Many of the intuitive properties of optimization can be captured at an extremely general level with order theory. We think this is a good justification to base our definition of optimization in order-theoretic terms.

It is, of course, not expected that any ML engineers, regulators et cetera will need to understand anything about order theory for these ideas to be applied to AI safety. Instead, we hope to use them to prove broadly applicable theorems, which can then be applied to specific AI systems.

Why is this useful?

One reason it can be useful to use this level of generalization is for deconfusion. Often in mathematics research, a generalization is simpler to understand; there are less premises, less moving parts to the definitions. There are less steps to verify, and it can be easier to “see” which things are true.

A second reason that generalization can be useful is because if your theorems are still valid at a higher level of generality, then it means that the conclusions are more likely to apply to reality! When you use a mathematical theorem to reach a conclusion about something in reality, it means that you are relying on all of the premises to be true about that part of reality. If you can generalize the theorem, then you are relying on strictly less modelling assumptions about reality.

Order relations

An order relation is any abstract way to put a set of elements “in order”. For example you can often order physical objects by height, or color, or weight. If the elements are numbers, then the order could simply be the normal sense of “greater than” or “less than”. But if the elements are more complicated objects, like states of the world, then you may need to generalize beyond numerical ordering.
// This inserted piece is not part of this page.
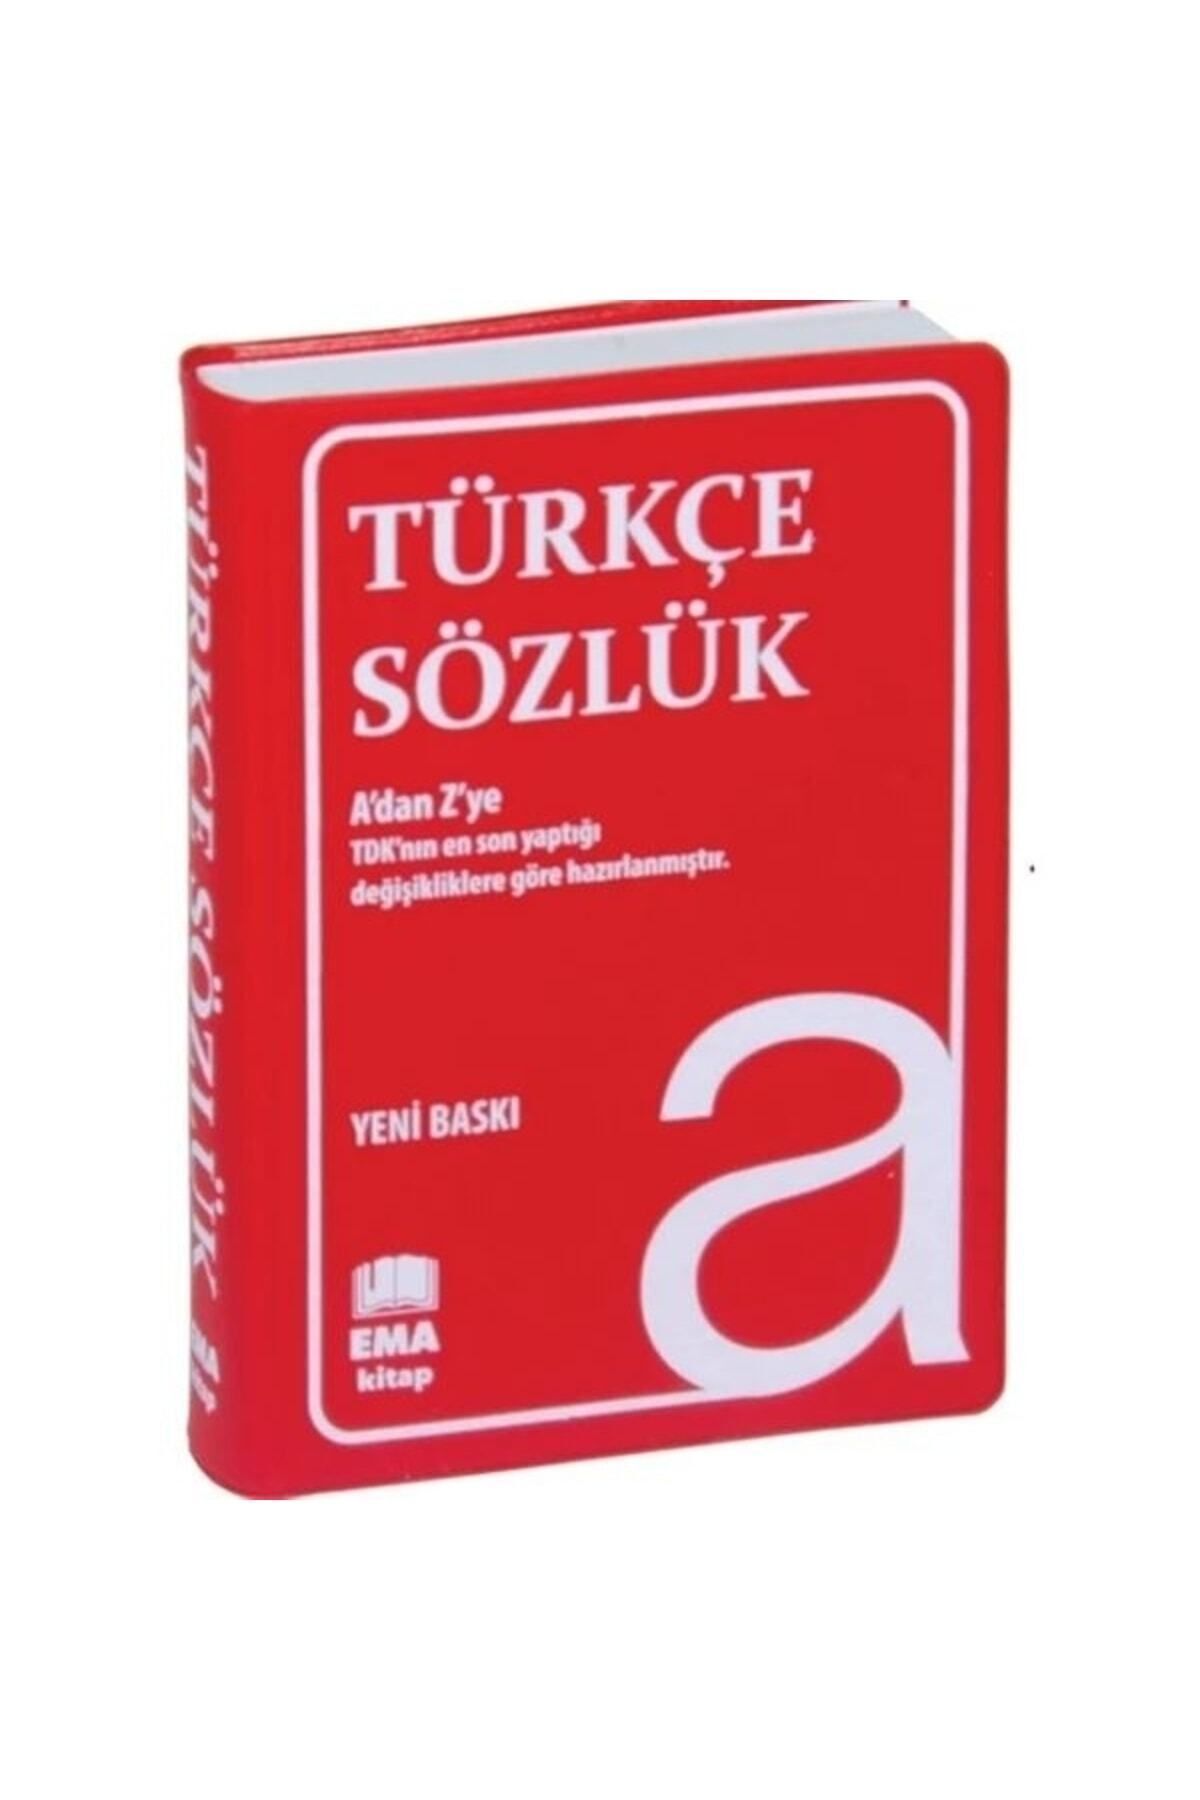 Ema Kitap Türkçe Sözlük A Dan Z Ye Tdk Uyumlu (PLASTİK KAPAK) 2838224

Orders are relevant to AI safety because values are a type of order; a given person will consider certain world states better or worse than others, according to their values.¹

The key property of an ordering over a set is that for any two different elements, you can say which one is “greater”. The second key property is that the order is “transitive”; if a is less than b and b is less than c, then a is less than c. (This is obvious for numbers, but is something that has to be proved to be sure that your proposed relation will act like an ordering.)

The state ordering

In order-theoretic optimization, the states of the system will have an order. You could consider this to be a “preference” ordering, that is, a statement about which states are “better” or “worse”. However, be careful not to assume that the system contains an optimizer; it may simply be an optimizing system with no optimizer, and therefore “no one” to say what is better or worse.

The time ordering

The other order relation relevant to optimization is time. Time is usually modeled as a part of the real number like, or as the integers. It’s very common in mathematics for these two cases to be taught as separate but similar (like sums vs. integrals). In the case of optimization, all we really care about is that any two points in time can be compared; that you can say which one is “before” and which one is “after”. This is exactly the structure of an ordering, and so we may as well use this machinery for the time axis as well as the state ordering.

Comparing trajectories

Given a trajectory of states over time, we can easily say whether it is going up the state ordering. However, we cannot as easily say whether one trajectory is optimizing more or less strongly than another trajectory. To do this, we would typically need to bring in more structure than just an ordering, like a probability measure, or even a utility function.

That said, an important part of formalizing optimization is to abstract away from this idea of preferences; a ball rolling down a hill is optimizing, but it is not having an internal experience of feeling good about rolling down the hill. ↩